Gerard van Spaendonck
In 1774 werd hij benoemd tot koninklijk botanisch miniatuurschilder aan het hof van koning Lodewijk XVI. Hij kreeg een woning in het Louvre. Na het overlijden van madame Françoise Madeleine Basseporte (1780) volgde Van Spaendonck haar officieel op als koninklijk miniatuurschilder en verhuisde hij naar de koninklijke tuinen. Hij ging toen aan de zogenaamde vélins (velijnen) werken, botanische studies in gouachetechniek op een speciaal soort perkament. Zijn opdrachtgevers waren de koningen Lodewijk XIII tot en met Lodewijk XVI. Van Spaendonck vervaardigde tussen circa 1781 en 1785 zo'n 55 bladen. De velijnen behoren tot de belangrijkste botanische werken ter wereld. De 6500 bladen in 105 albums zijn opgenomen in de collectie van het Musée d’Histoire Naturelle te Parijs. In 1793 werd Van Spaendonck benoemd tot Professeur d’Iconographie, en in 1795 werd hij directeur van de Jardin des Plantes (koninklijke tuinen Louvre) en directeur van de porseleinfabriek te Sèvres.

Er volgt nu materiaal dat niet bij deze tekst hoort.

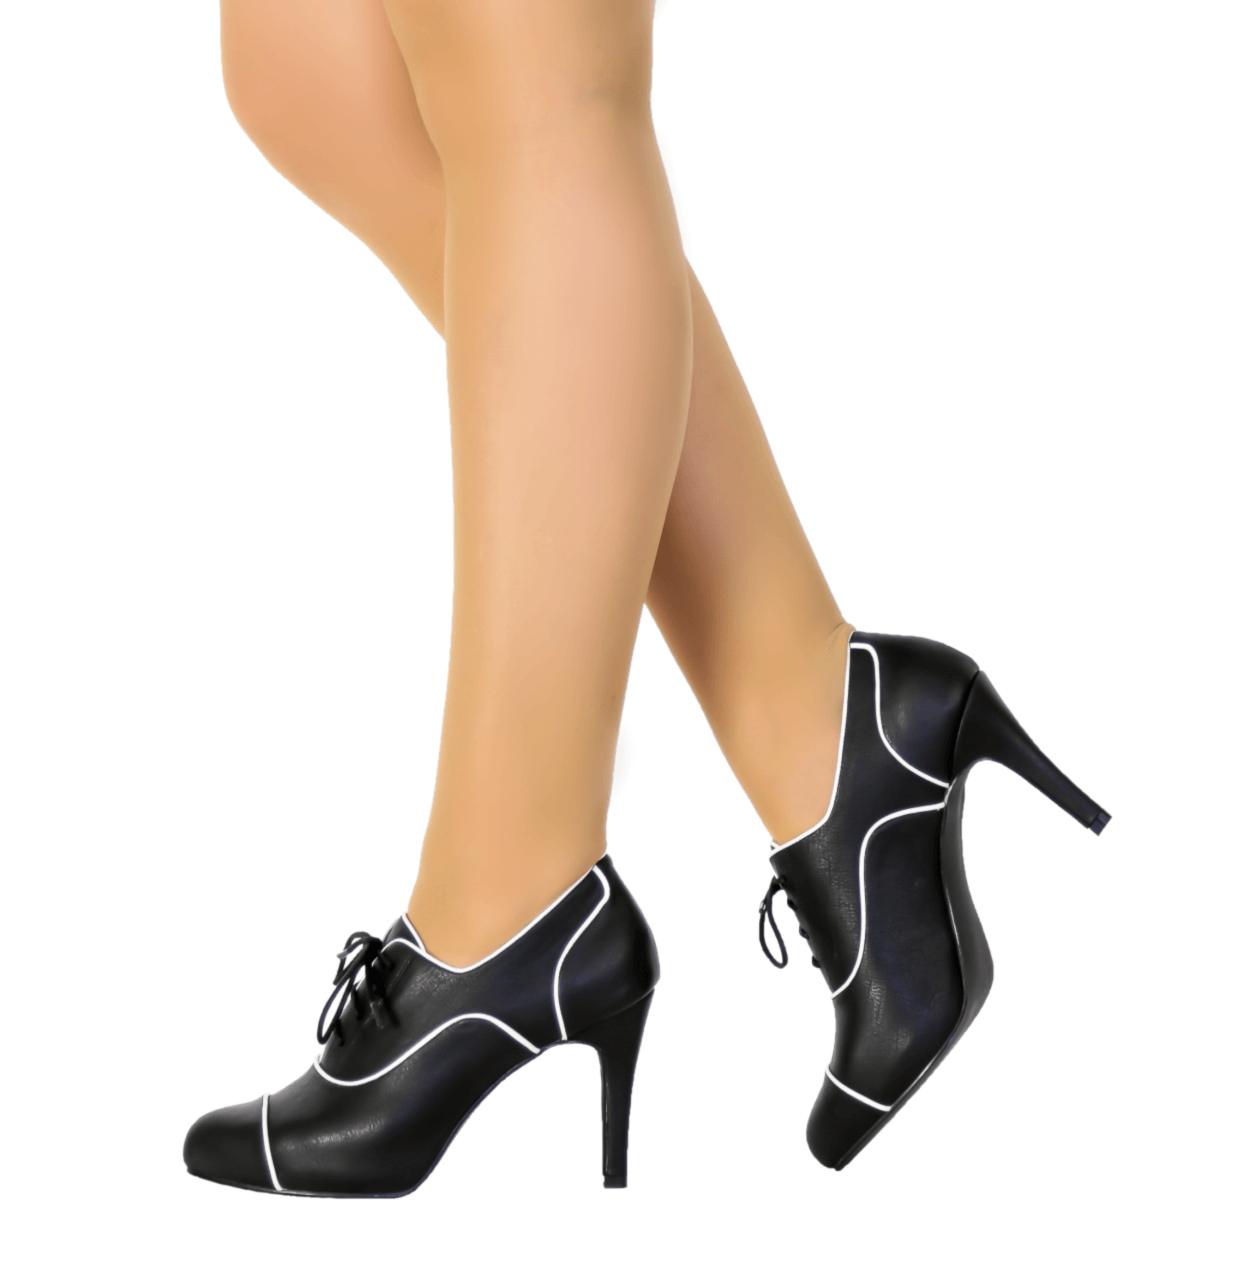 Black & White Mid Heel Bootie I Baxter by Scarlettos
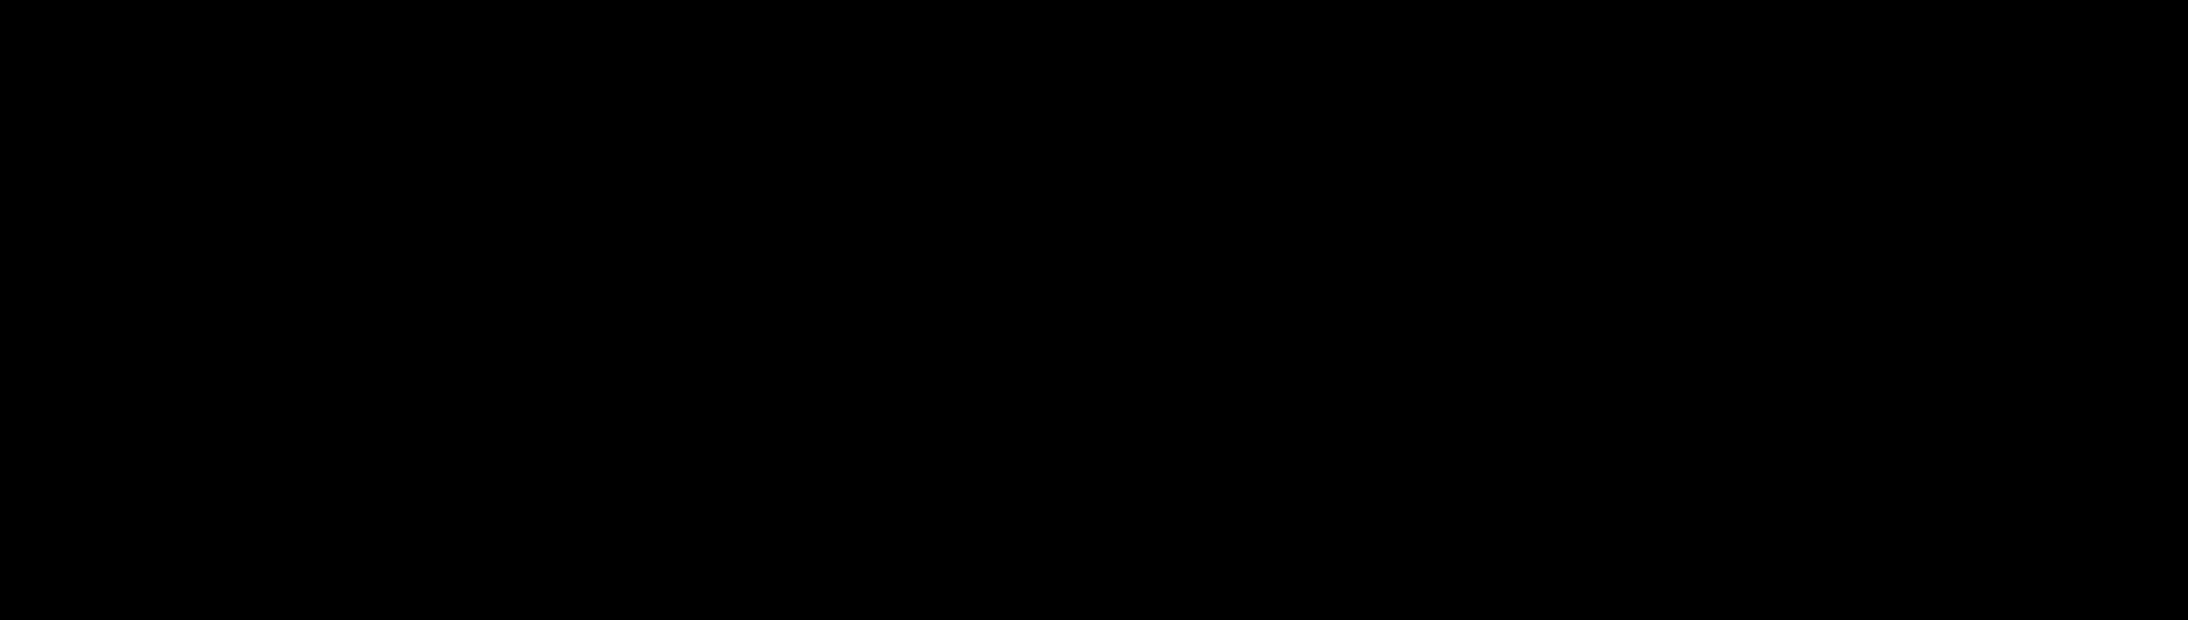 6-Amino-N-(4-((2-amino-9H-purin-6-yloxy)methyl)benzyl)hexanamide

Tussen 1799 en 1801 gaf hij in eigen beheer 24 gravures uit, die naar zijn aquarellen waren vervaardigd. Ze behoren tot de beste plantengravures ter wereld. In 1804 ontving hij als een van de eersten de pas ingestelde orde van het Legioen van Eer. In 1808 werd hem door keizer Napoleon de titel van graaf verleend.
Van Spaendonck werd op de begraafplaats Père Lachaise te Parijs begraven. Op Groeseindstraat 99, de plaats waar vroeger het geboortehuis van Gerard en zijn broer Cornelis van Spaendonck stond, is een gedenksteen geplaatst.